The will of a clerk called Richard Culmer, of Monkton on the Isle of Thanet, was proved by his son-in-law Nicholas Roe. It mentions sons James & Richard, and daughters Anne, Katherine & Elizabeth, together with 'Margaret Culmer, my beloved wife' who is to receive an annuity. No mention is made of allotments in either St Peter's or Broadstairs; it appears that Joseph Culmer, of St Peter's, is owed £50. Some marshland in Monkton is mentioned, together with two very large areas of land in Ireland bequeathed to his son James, which the testator fears he may be deprived of.

Edward Hasted refers to a Richard Culmer & Culmer's allotments, in Broadstairs, Isle of Thanet, without any source being given.
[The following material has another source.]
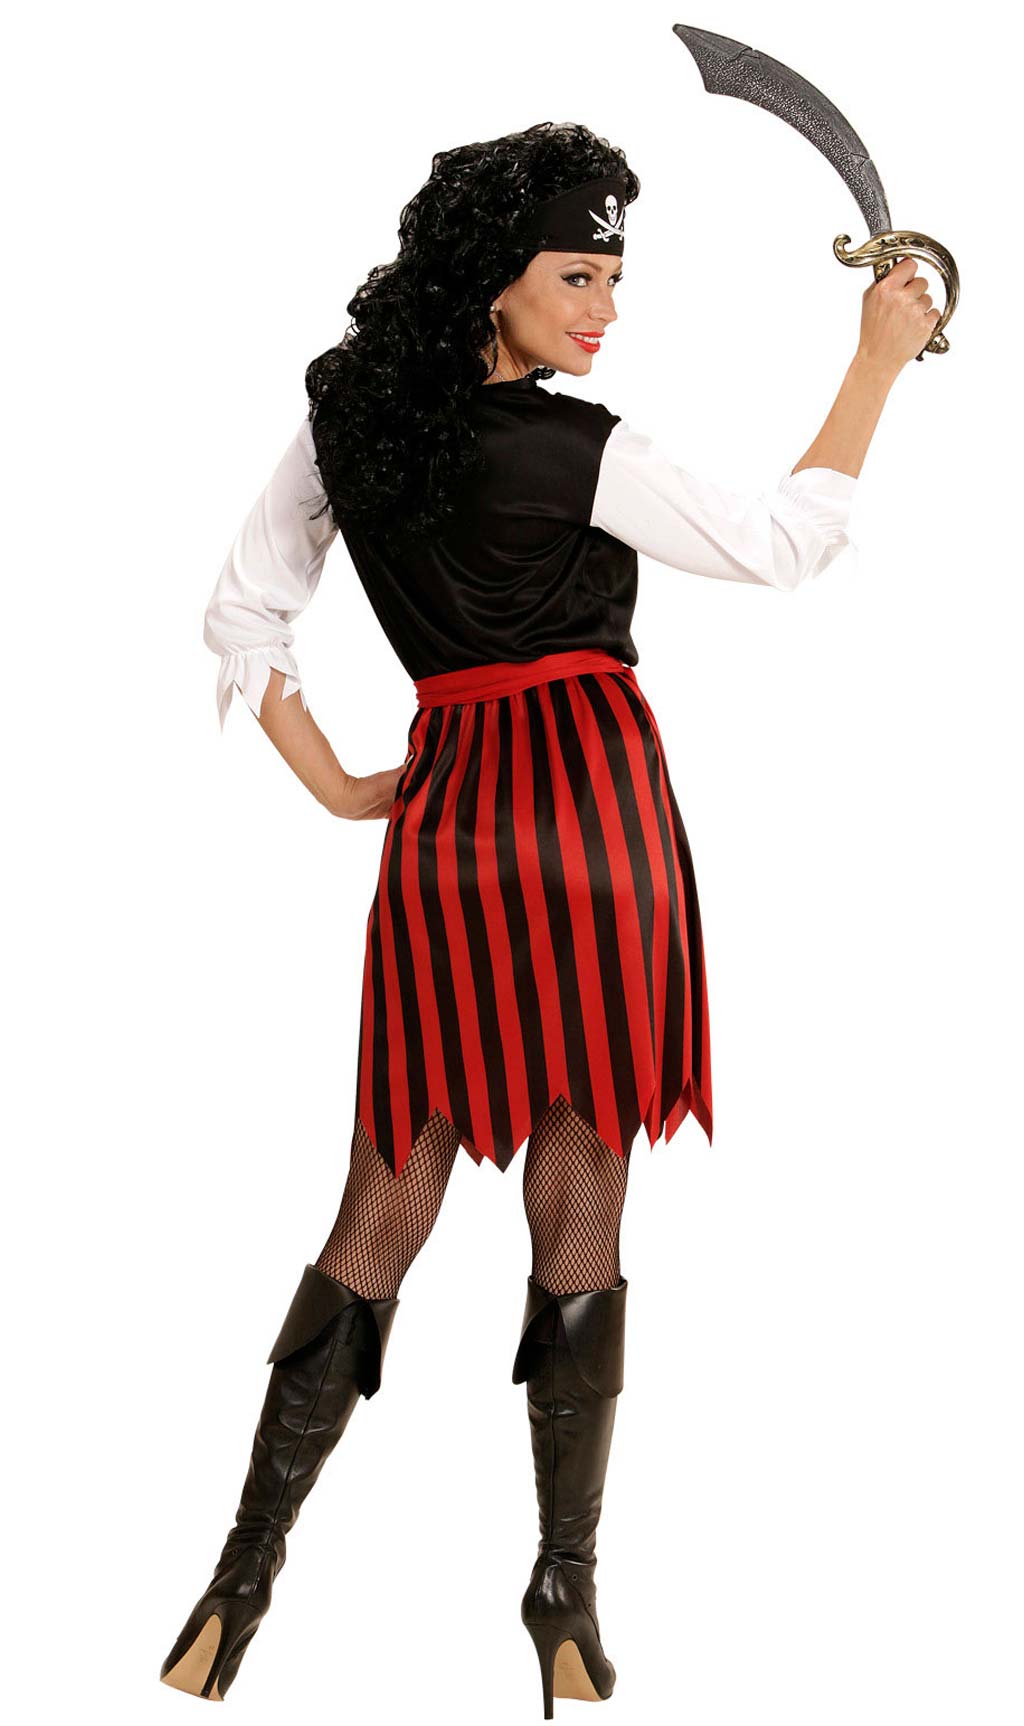 Disfraces de pirata para mujer - Disfraz de pirata de mujer para Halloween

Richard Culmer, a carpenter and theologian is commemorated in St Peter's Church, in the 15th century, with an inscribed brass plate, as having given land for allotments.

The will of a Richard Culmer, of St Peter's, Thanet, proved in 1494, provided for 60 hectares of land in Broadstairs, which may be the land now known as Sir Culmer's allotments.
His peerage was unlisted from Burke's Peerage, and there is no modern use of the title Baron Culmer.

==Fictional appearances==
Blue Richard Culmer appears as a supporting character in Jeff Guinn's novel The Christmas Chronicles.